Repeat exactly, and only, the lines from the line bearing "e72a4fce1ee Dámské ponožky" through the end of the material. Do not copy the pictures.

• _DATASET EXCERPT_:
━━━━
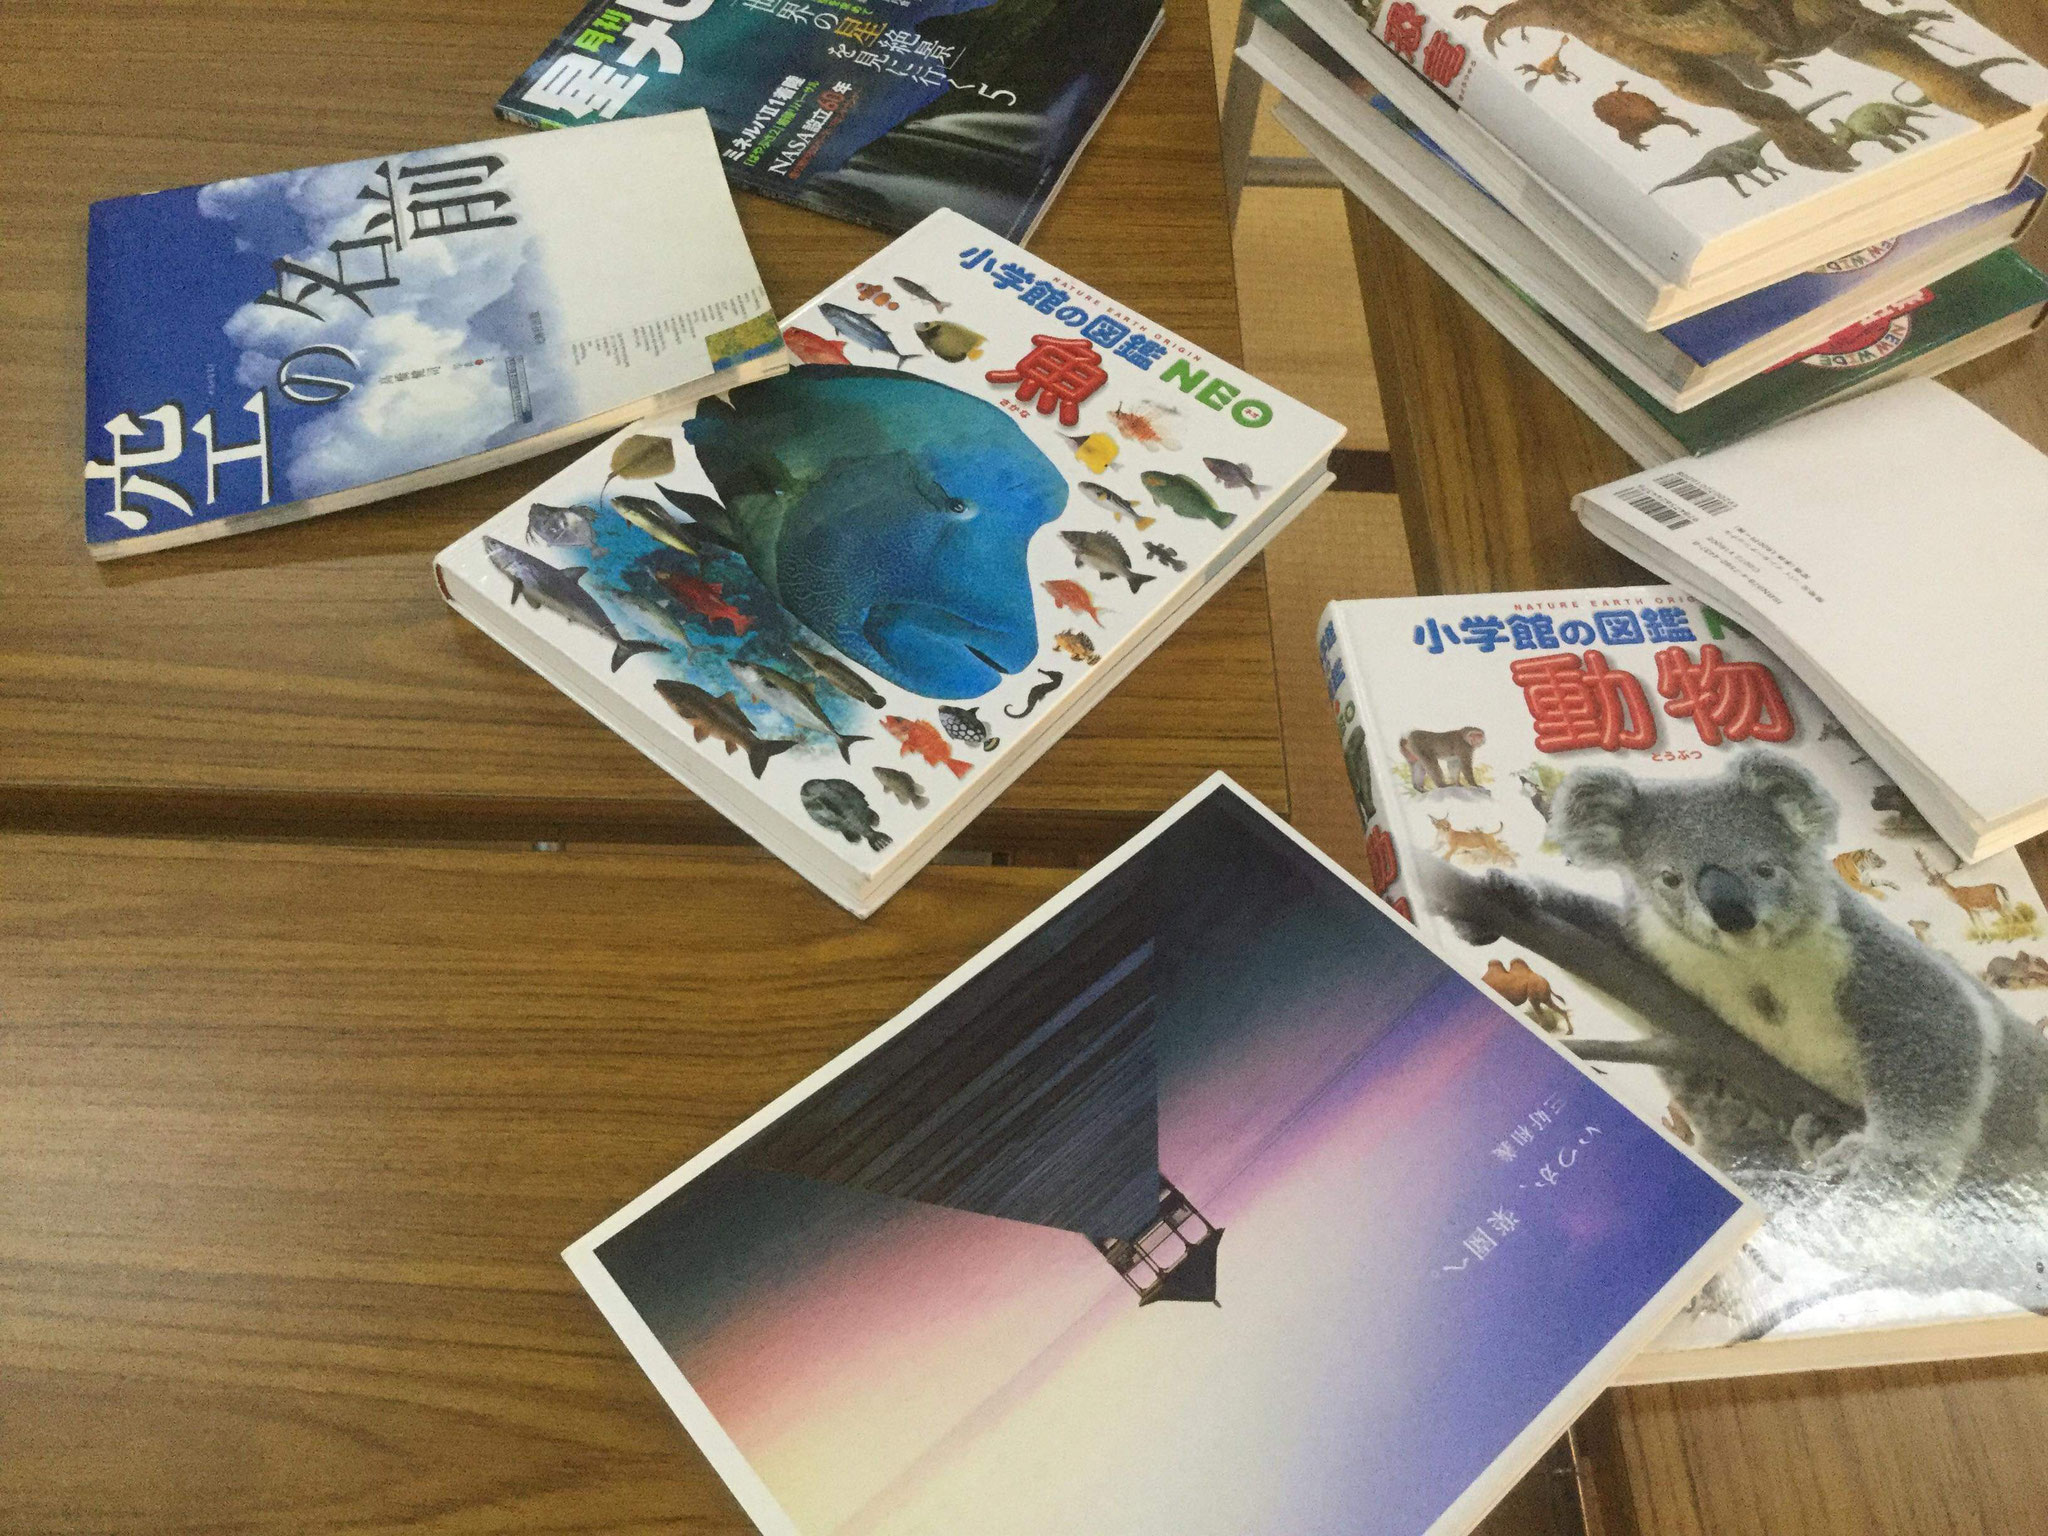 図鑑や写真集もあります。
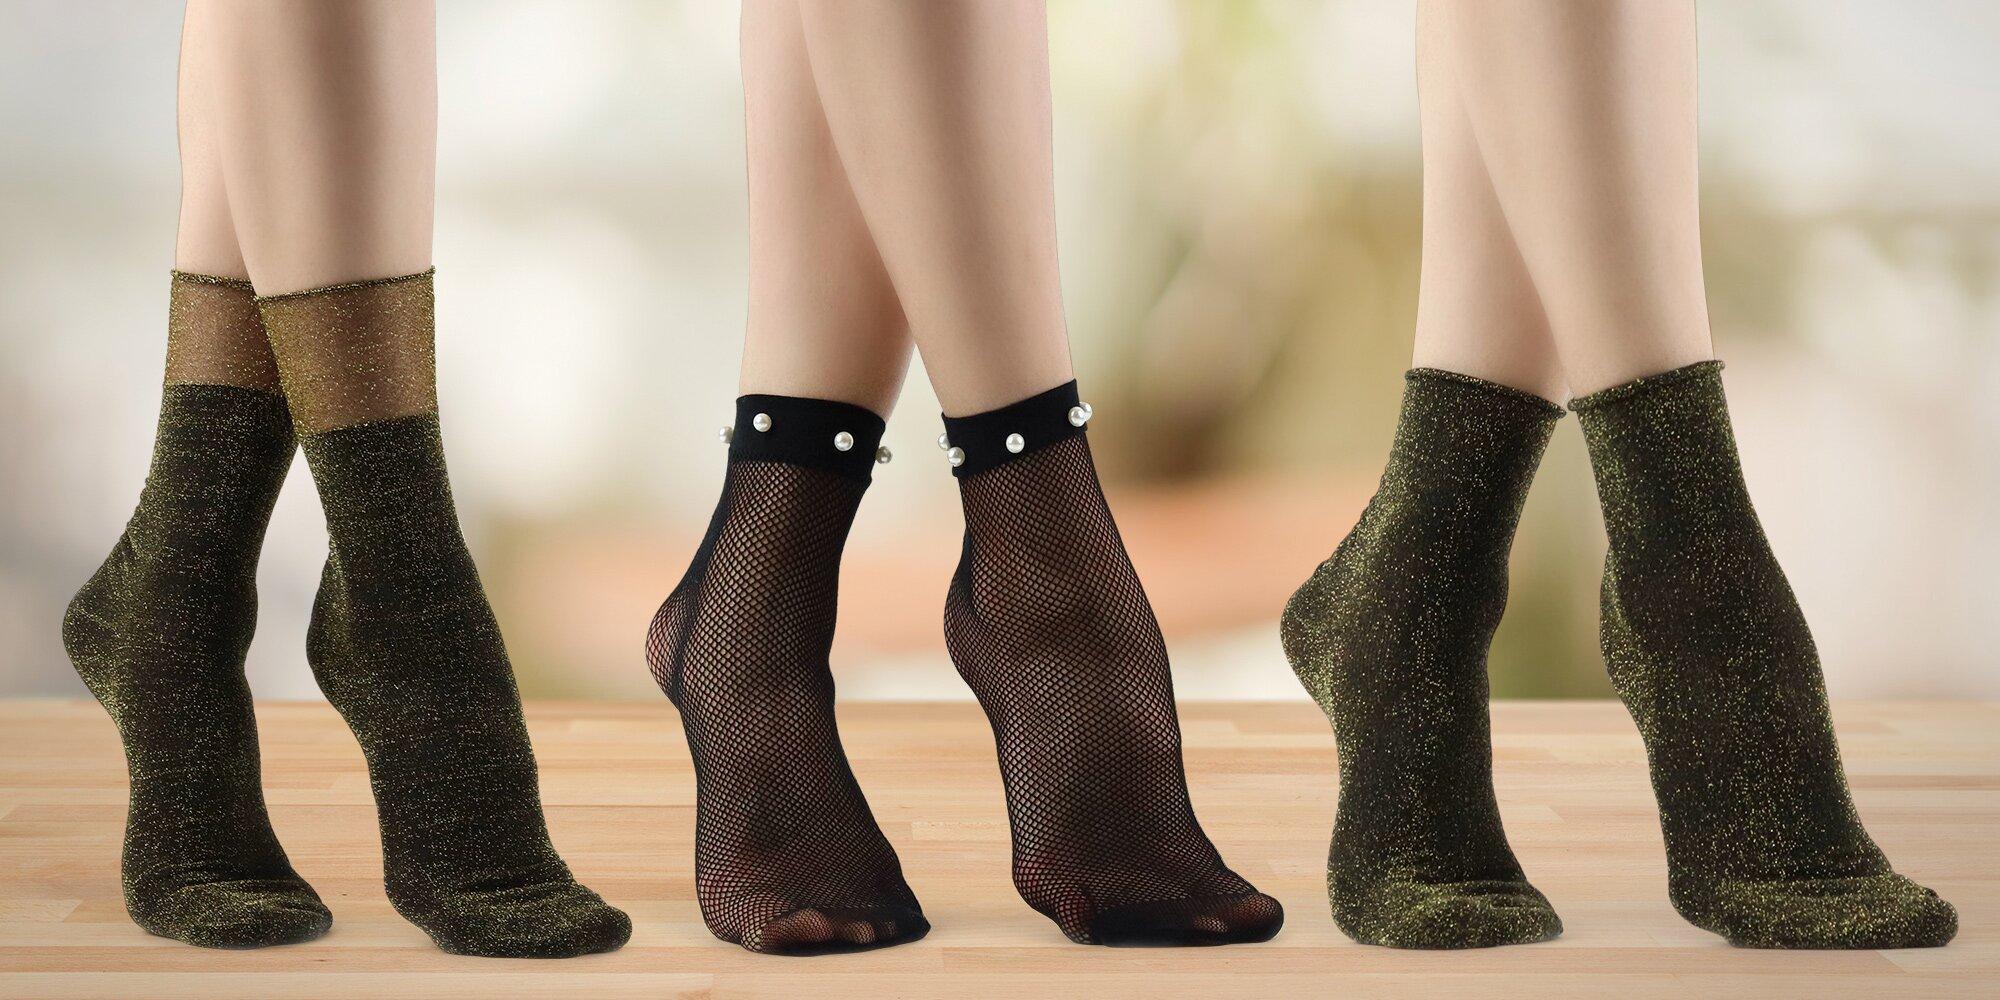 e72a4fce1ee Dámské ponožky  třpytivé nebo s perlami
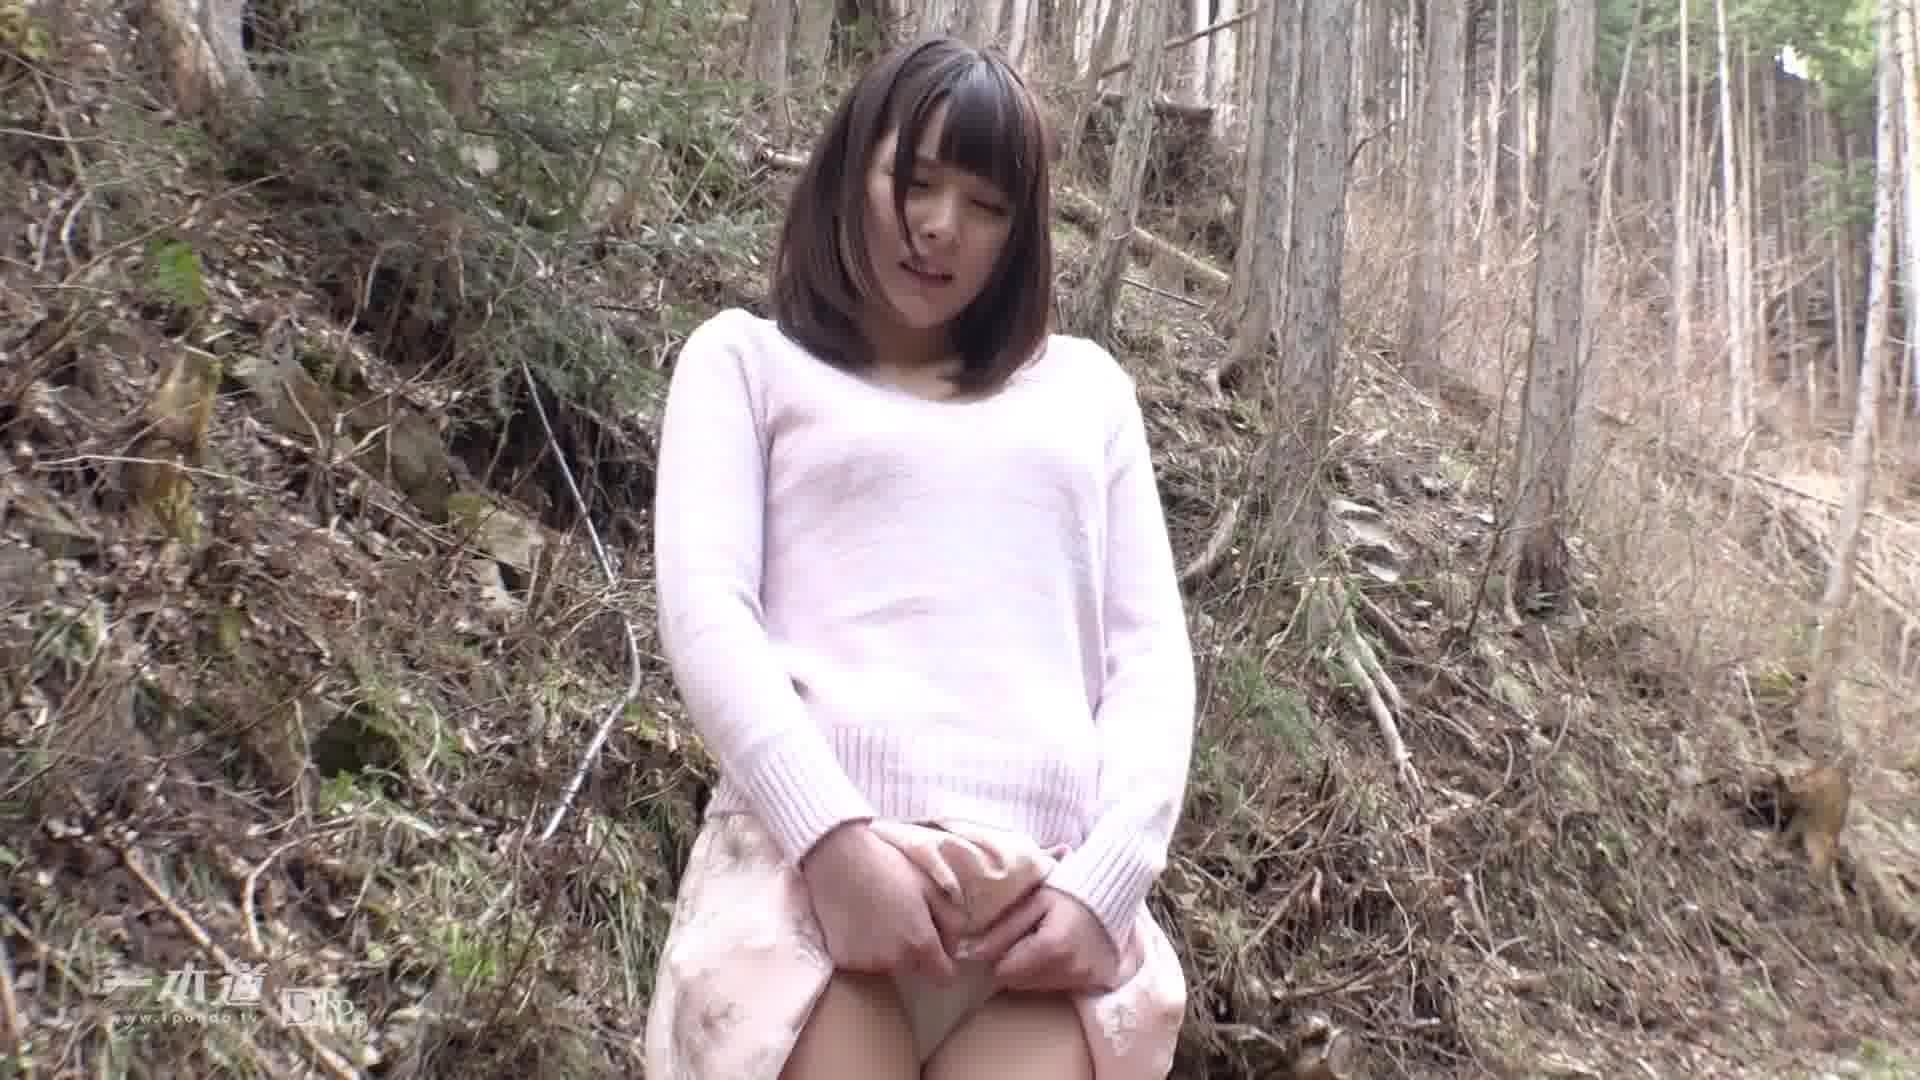 サマーヌード ときめき ~俺だけのみほのと温泉旅行~ - みほの【野外露出・浴衣・中出し】
━━━━
• _SOLUTION TO THE EXERCISE_:
 e72a4fce1ee Dámské ponožky  třpytivé nebo s perlami
 サマーヌード ときめき ~俺だけのみほのと温泉旅行~ - みほの【野外露出・浴衣・中出し】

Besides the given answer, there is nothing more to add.